*ACTION ITEM:* Everything in the data gets repeated exactly, except for the pictures.

*MATERIAL PROVIDED:*
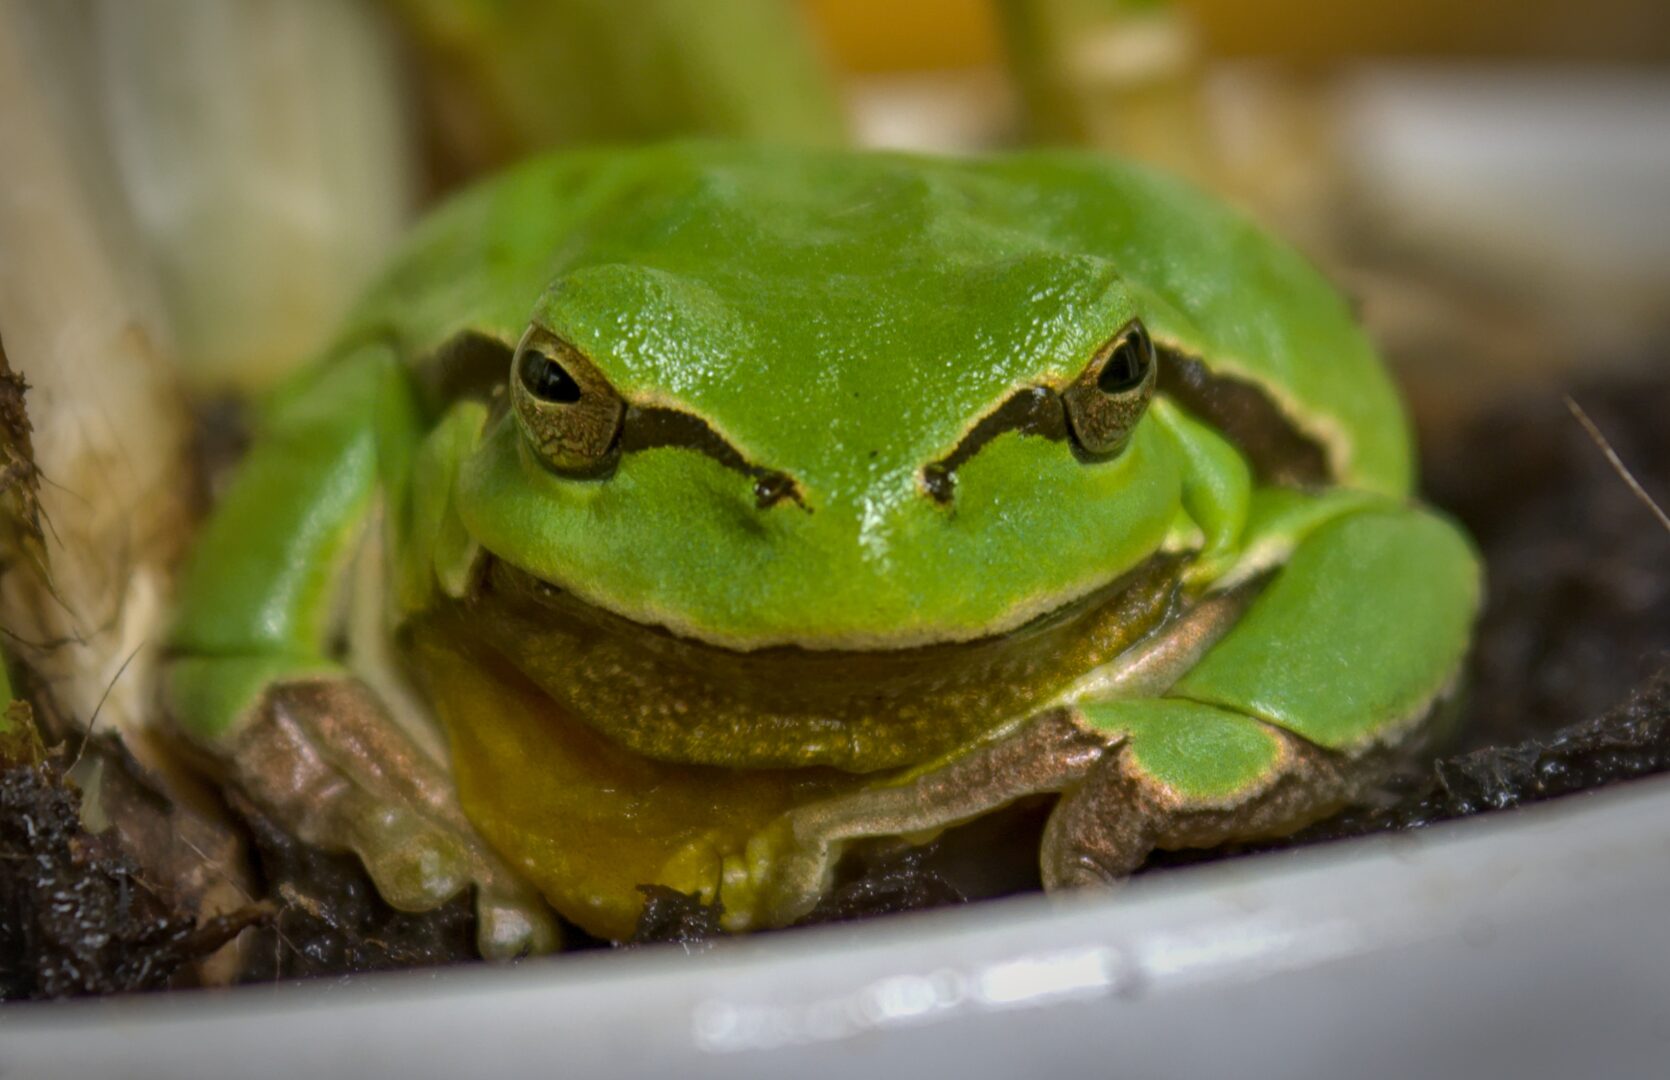 green frog looking at the camera
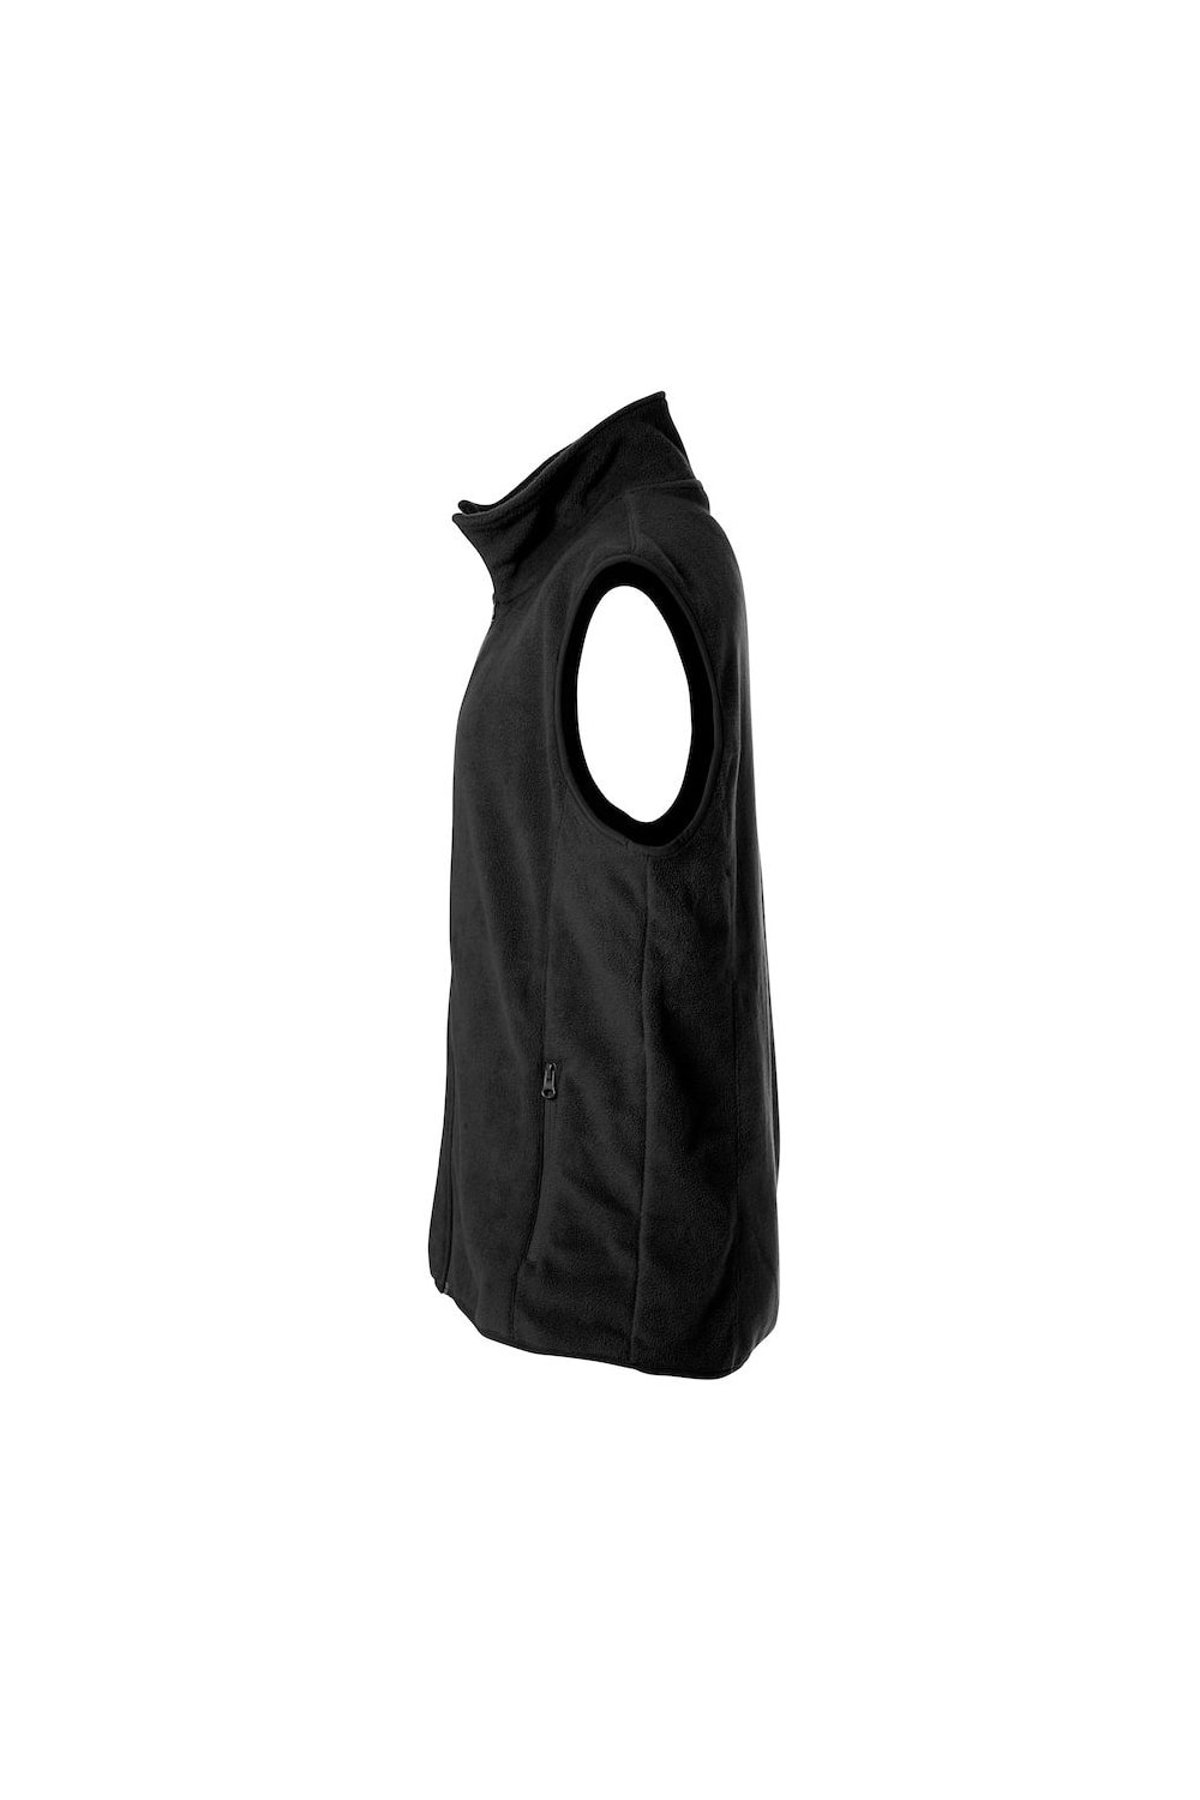 Fordeling Vægt Forbigående Clique Black Unisex Adult Basic Polar Fleece Tank Top (Black) | Verishop
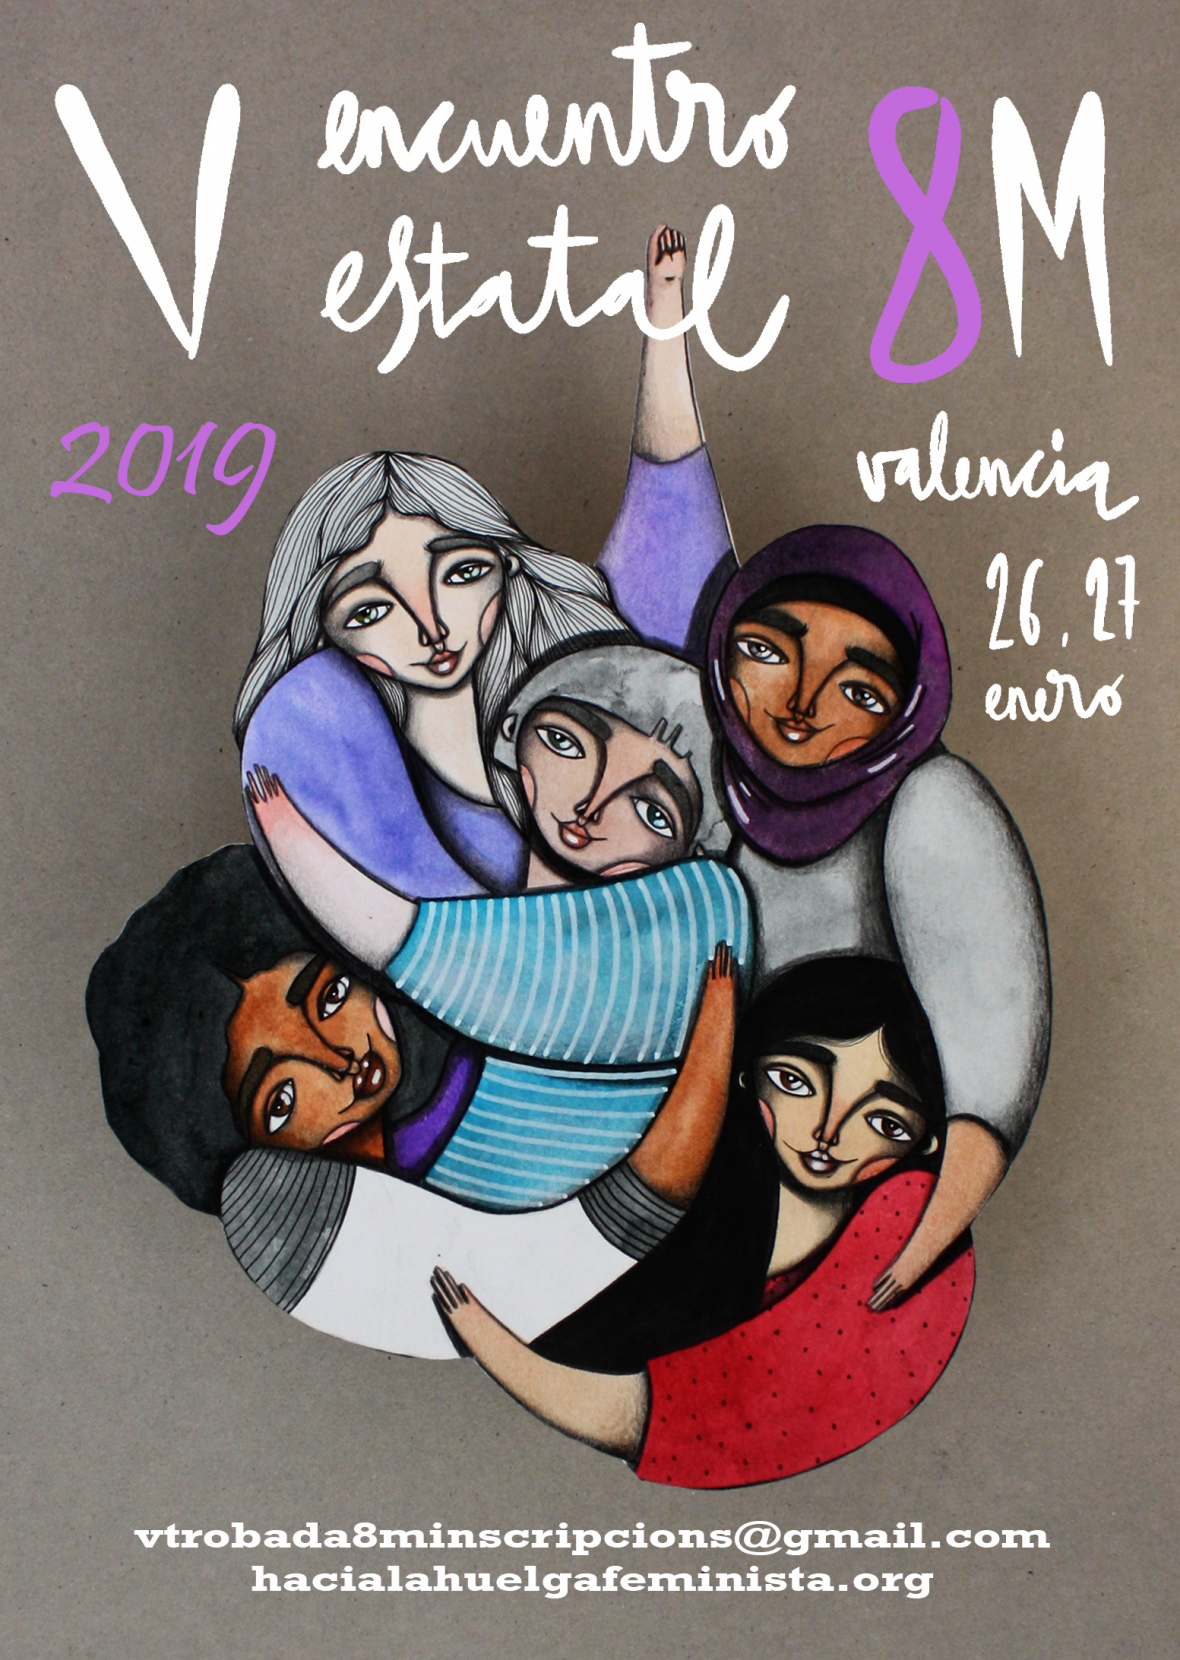 Cartel del quinto Encuentro estatal 8M Valencia 26 y 27 de enero de 2019 vtrovada8minscripcions@gmail.com hacialahuelgafeminista.org
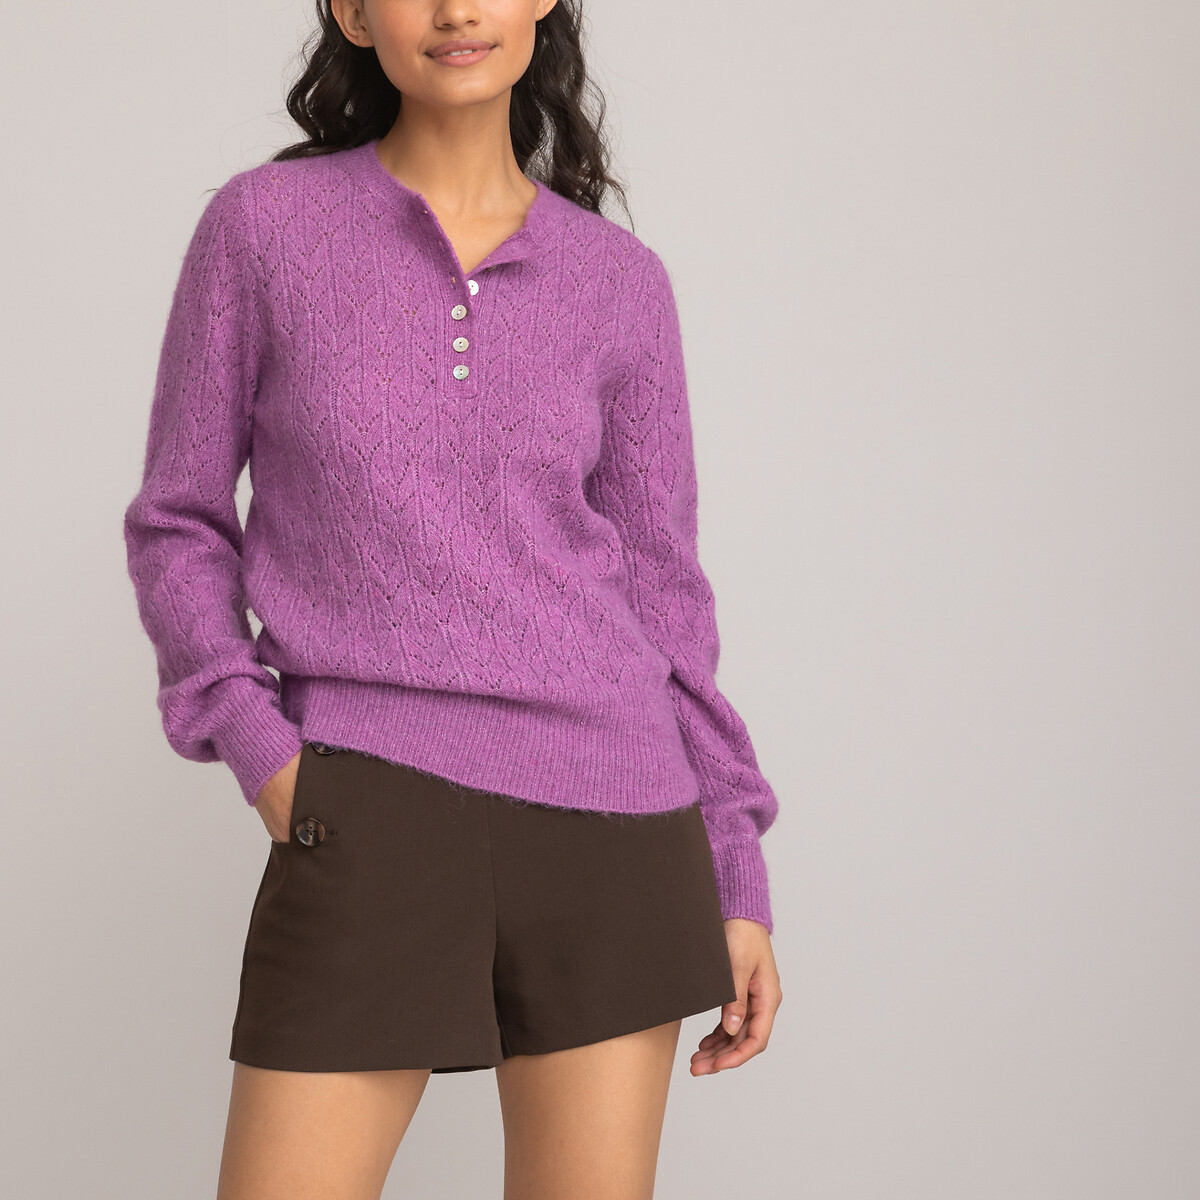 Пуловер с тунисским вырезом из трикотажа пуантель S фиолетовый пуловер с тунисским вырезом из тонкого трикотажа пуантель 46 48 fr 52 54 rus бежевый

*ANSWER:*
 green frog looking at the camera
 Fordeling Vægt Forbigående Clique Black Unisex Adult Basic Polar Fleece Tank Top (Black) | Verishop
 Cartel del quinto Encuentro estatal 8M Valencia 26 y 27 de enero de 2019 vtrovada8minscripcions@gmail.com hacialahuelgafeminista.org
 Пуловер с тунисским вырезом из трикотажа пуантель S фиолетовый пуловер с тунисским вырезом из тонкого трикотажа пуантель 46 48 fr 52 54 rus бежевый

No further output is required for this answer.